Your reply must hold the lines from the one containing "Dimensions of shade" to the end of the entries, copied exactly, with pictures excluded.

- **MATERIAL FOR THIS TASK**
——

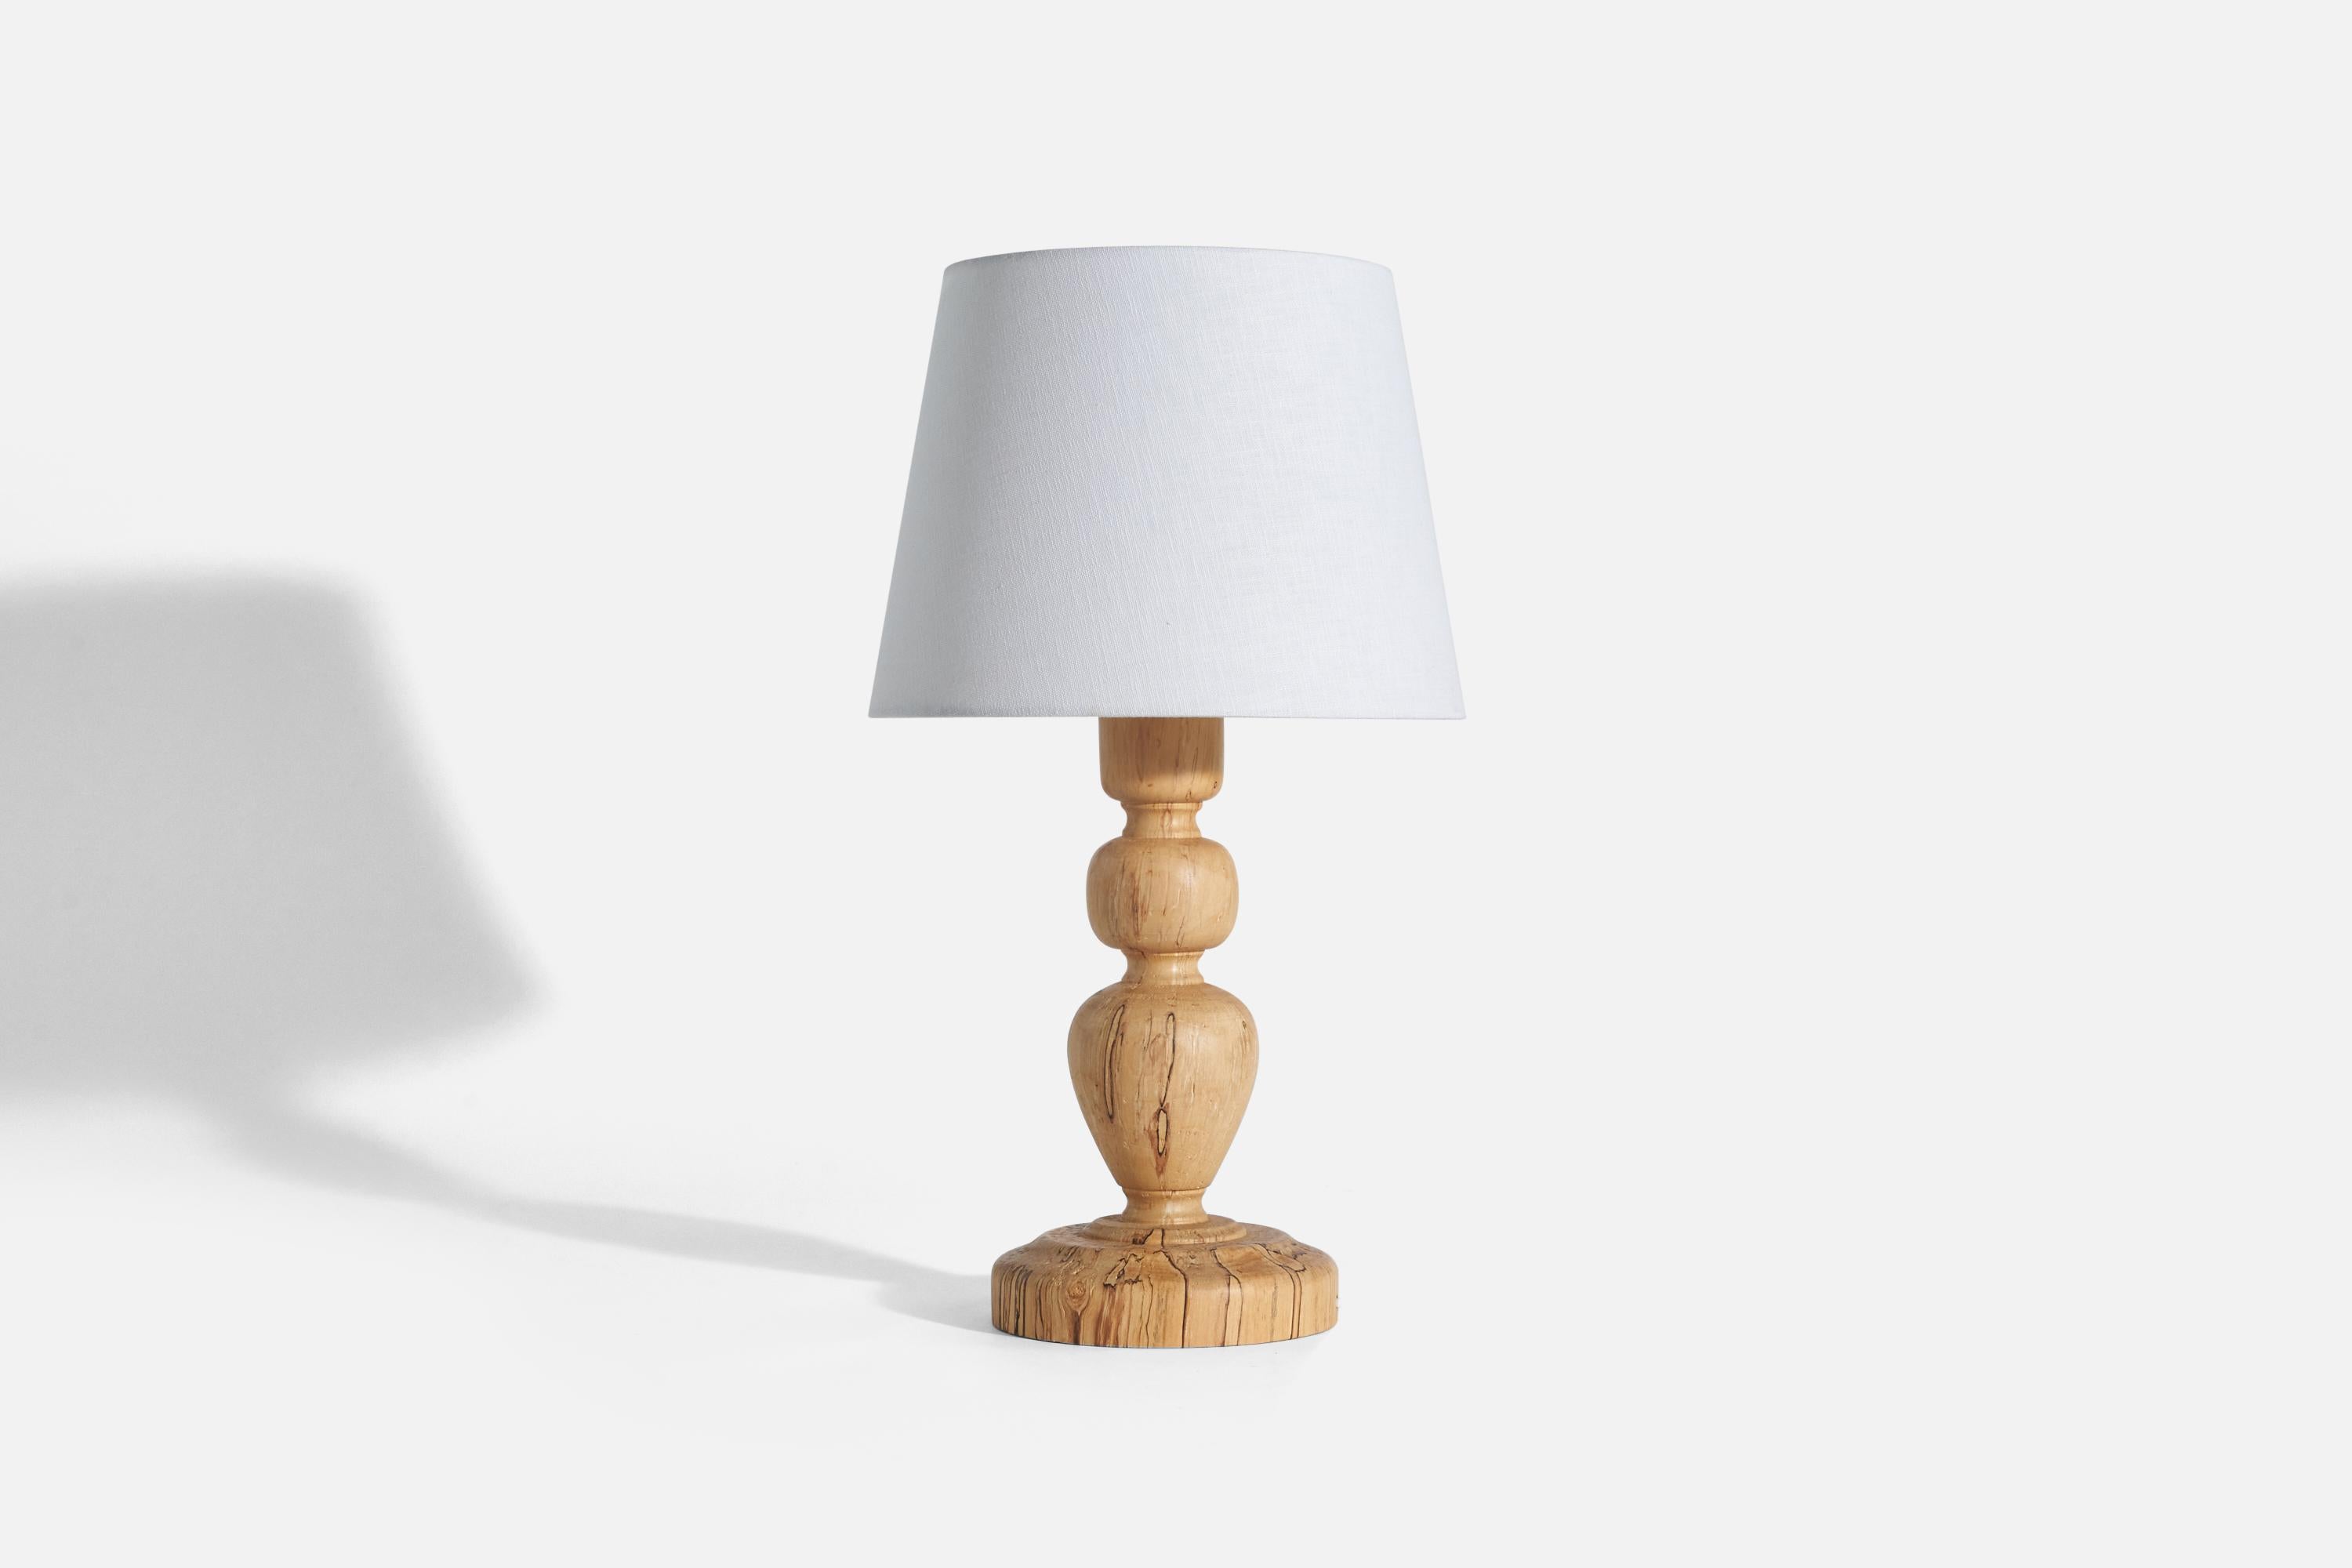 A masur birch table lamp designed and produced in Sweden, 1970s.

Sold without Lampshade(s)
Dimensions of lamp (inches) : 15 x 7 x 7 (height x width x depth)
Dimensions of shade (inches) : 9 x 12 x 9 (top diameter x bottom diameter x
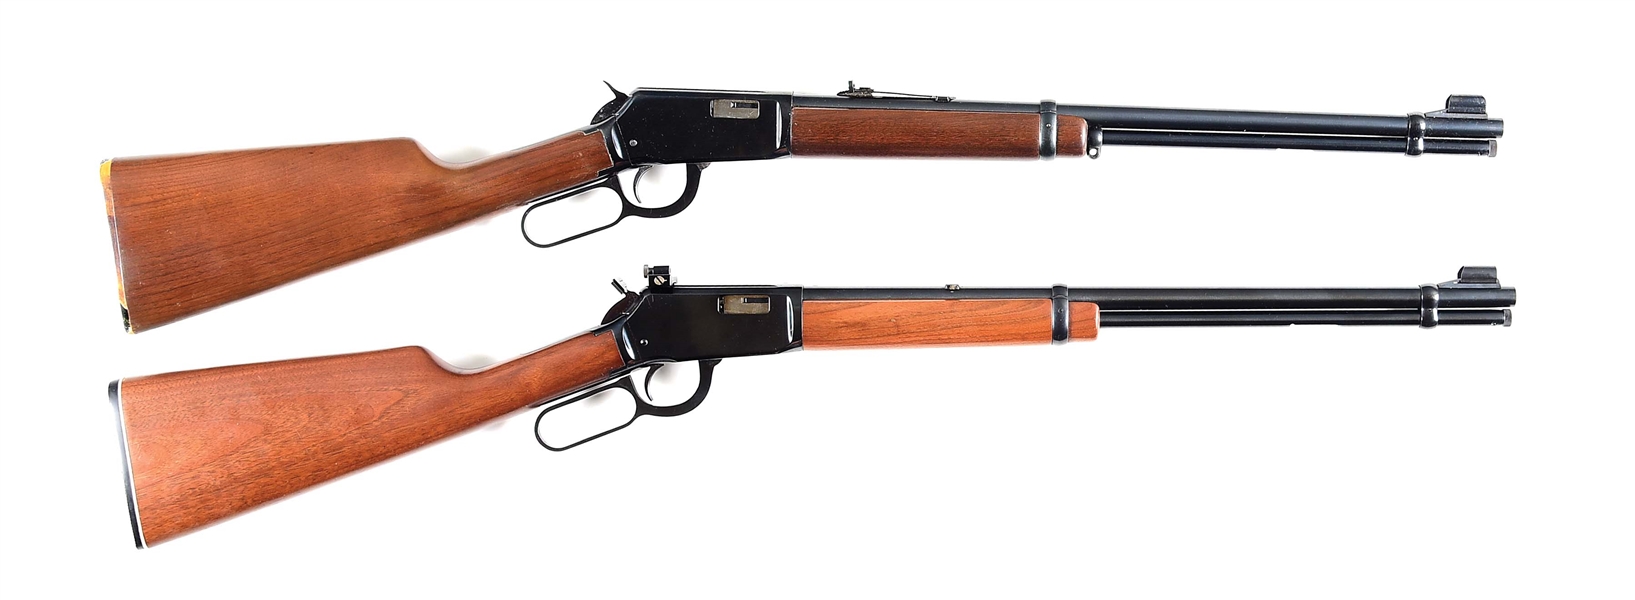 (M) LOT OF 2 WINCHESTER 9422 LEVER ACTION RIFLES.
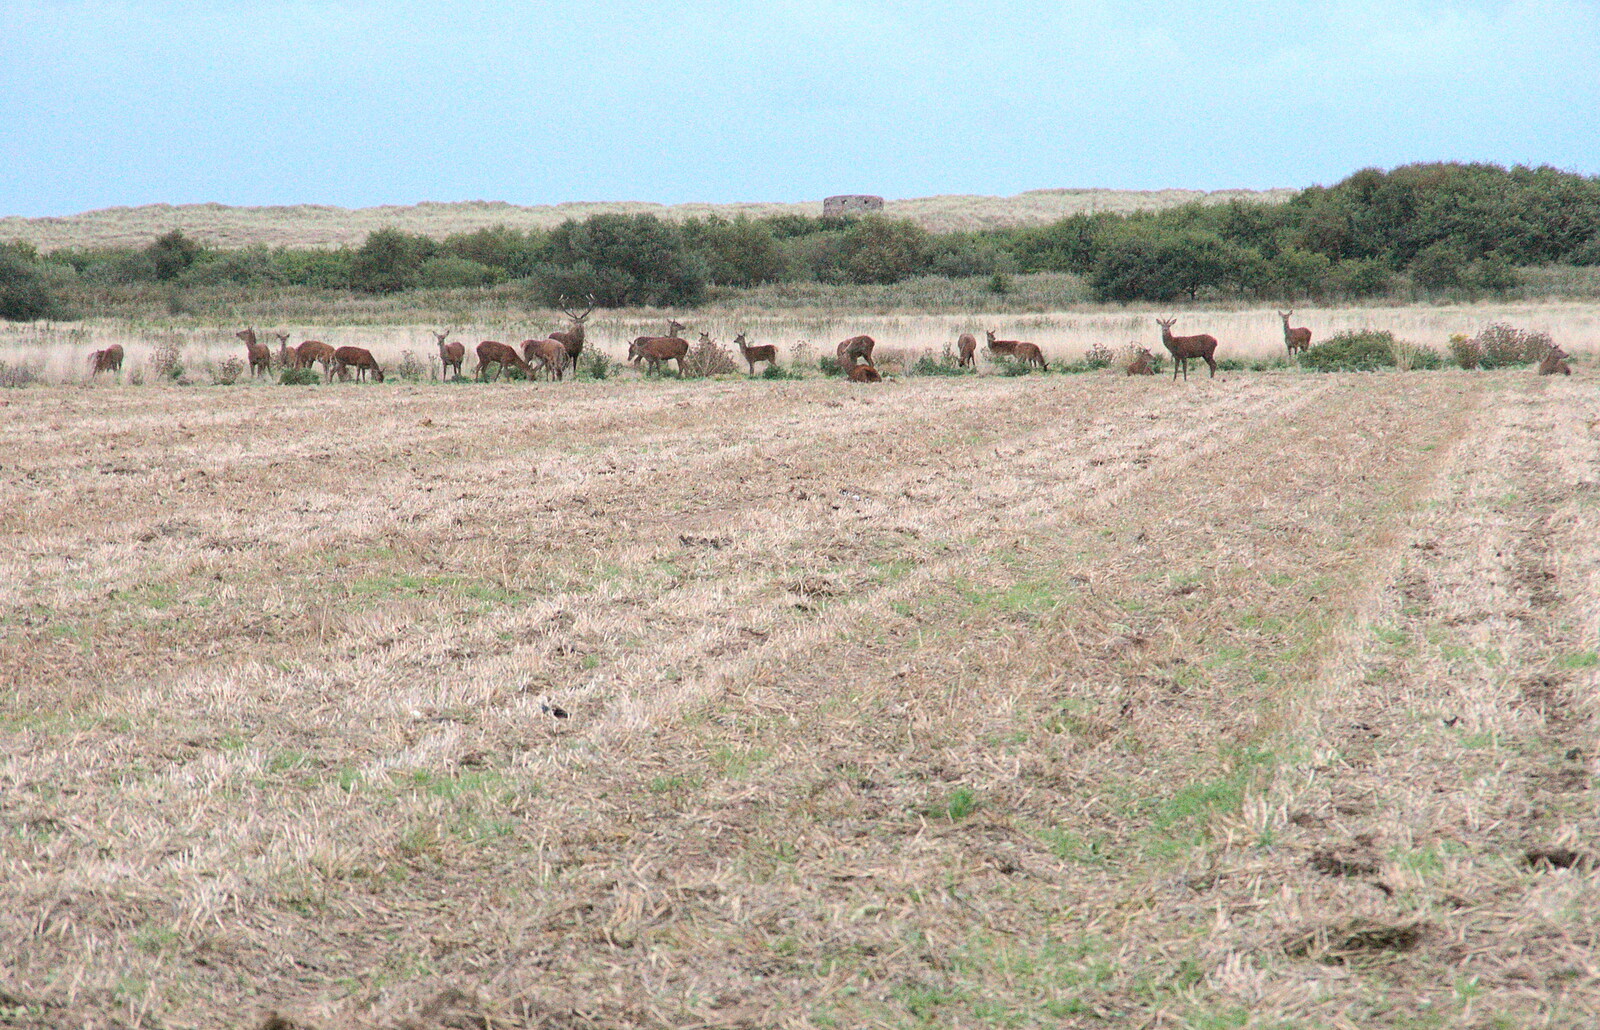 There's a herd of deer in a field at Horsey Gap from An Optimistic Camping Weekend, Waxham Sands, Norfolk - 22nd September 2018

——

- **COMPLETED TASK**
Dimensions of shade (inches) : 9 x 12 x 9 (top diameter x bottom diameter x
 (M) LOT OF 2 WINCHESTER 9422 LEVER ACTION RIFLES.
 There's a herd of deer in a field at Horsey Gap from An Optimistic Camping Weekend, Waxham Sands, Norfolk - 22nd September 2018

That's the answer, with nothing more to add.